Leaving the mentally ill in jail presents additional costs and burdens to the county, he said. Not funding mental health could likely see the return of federal oversight.

"There's going to be lawsuits," he said. "The Wyatt case went back to the 1970s and didn't get settled until 2002. We could be going right back there."

The federal court case involved patient Ricky Wyatt whose attorneys argued his treatment at Bryce suffered due to layoffs at the hospital. At that time, state mental hospitals were often under-staffed and left in deplorable conditions.

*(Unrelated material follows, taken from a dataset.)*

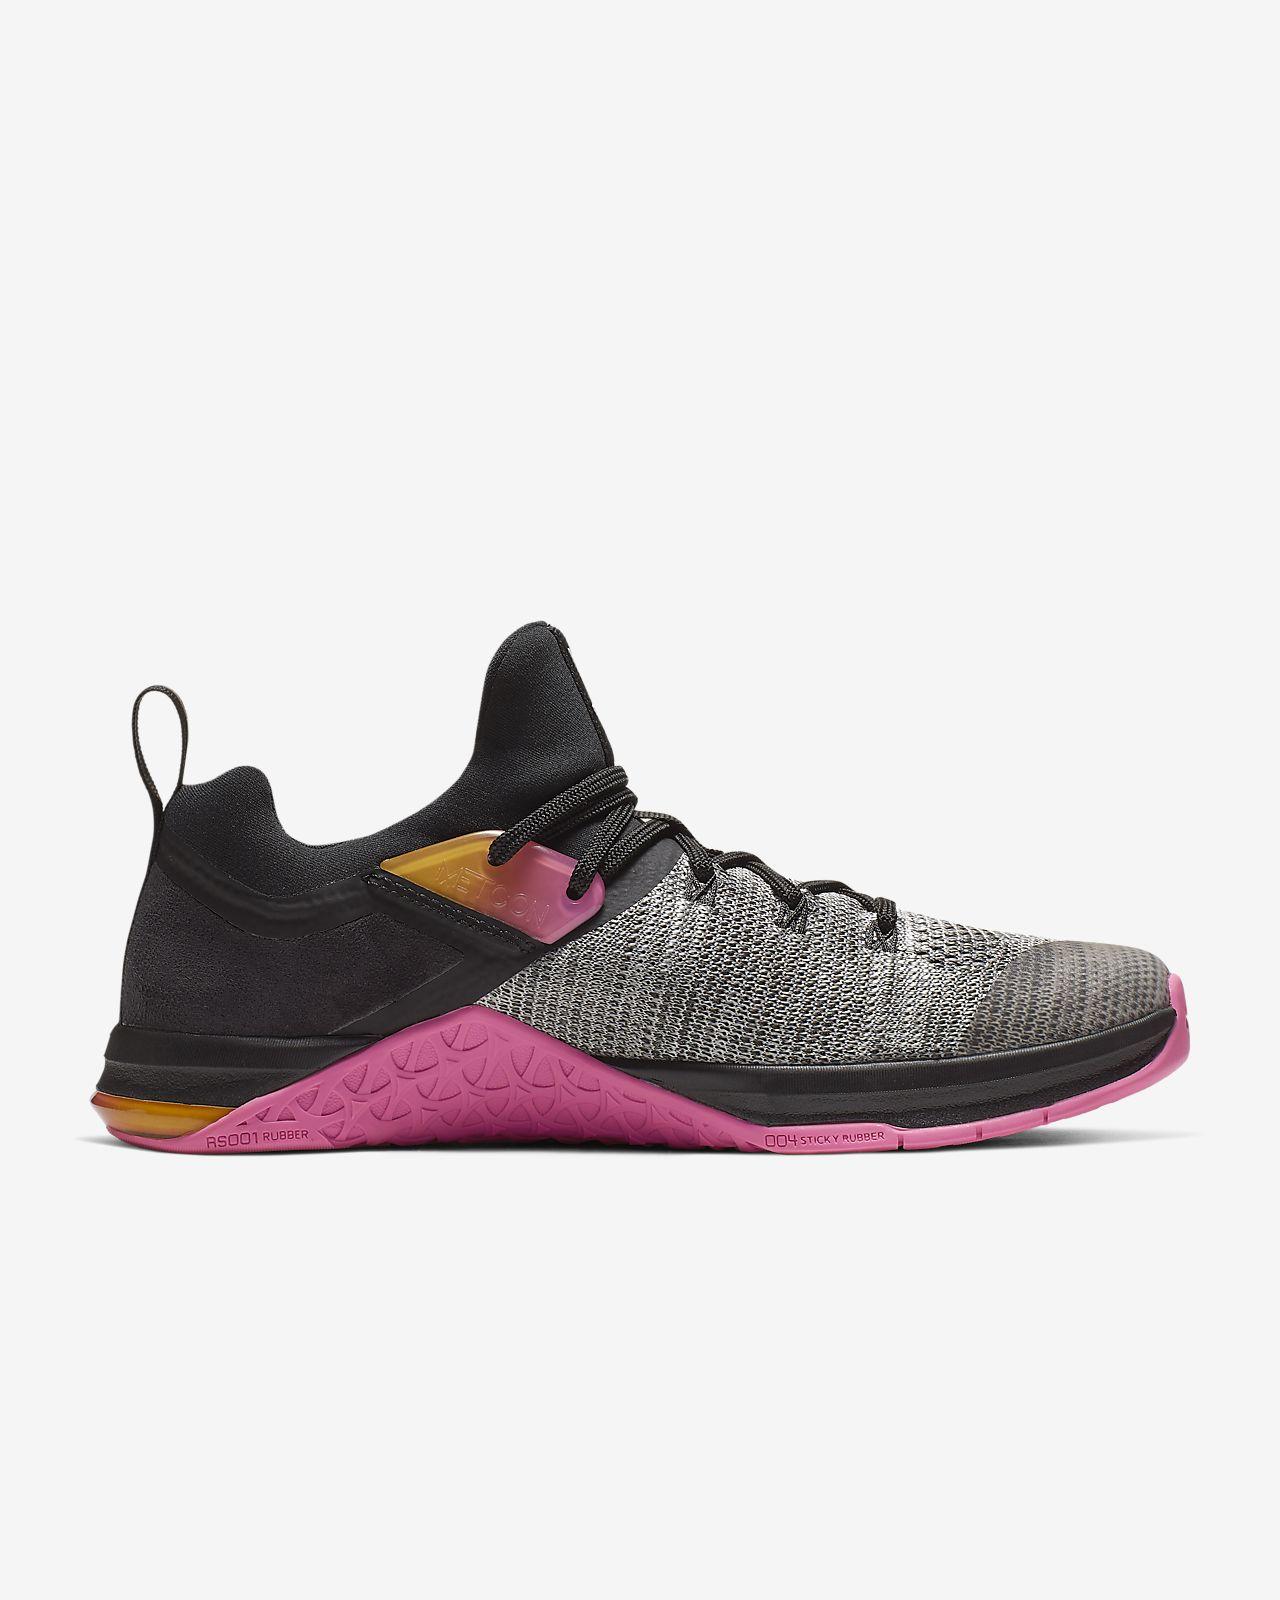 4d21fb59aaba Nike Metcon Flyknit 3 Women s Cross-Training Weightlifting Shoe ...

The outcome of Wyatt v. Stickney caused a drastic deinstitutionalization of committed patients, with the population of Alabama's hospitals dropping by nearly two-thirds between 1970 and 1975. However, as Alabama spent millions to upgrade its obsolete facilities to comply with the federal court's ruling, the hospitals were releasing patients en masse.

Van Dyke attended Gov. Robert Bentley's visit to Cullman Monday and said he liked the tax plan he pitched.

"It is time to fix it. I think the only way you're going to fix the general fund is by putting some of the growth taxes toward it so both the education budget and the general fund get those funds," he said. "If we don't change anything, we're going to be in the same place next year. The consequences of these proposed cuts are going to wind up being more costly in the end."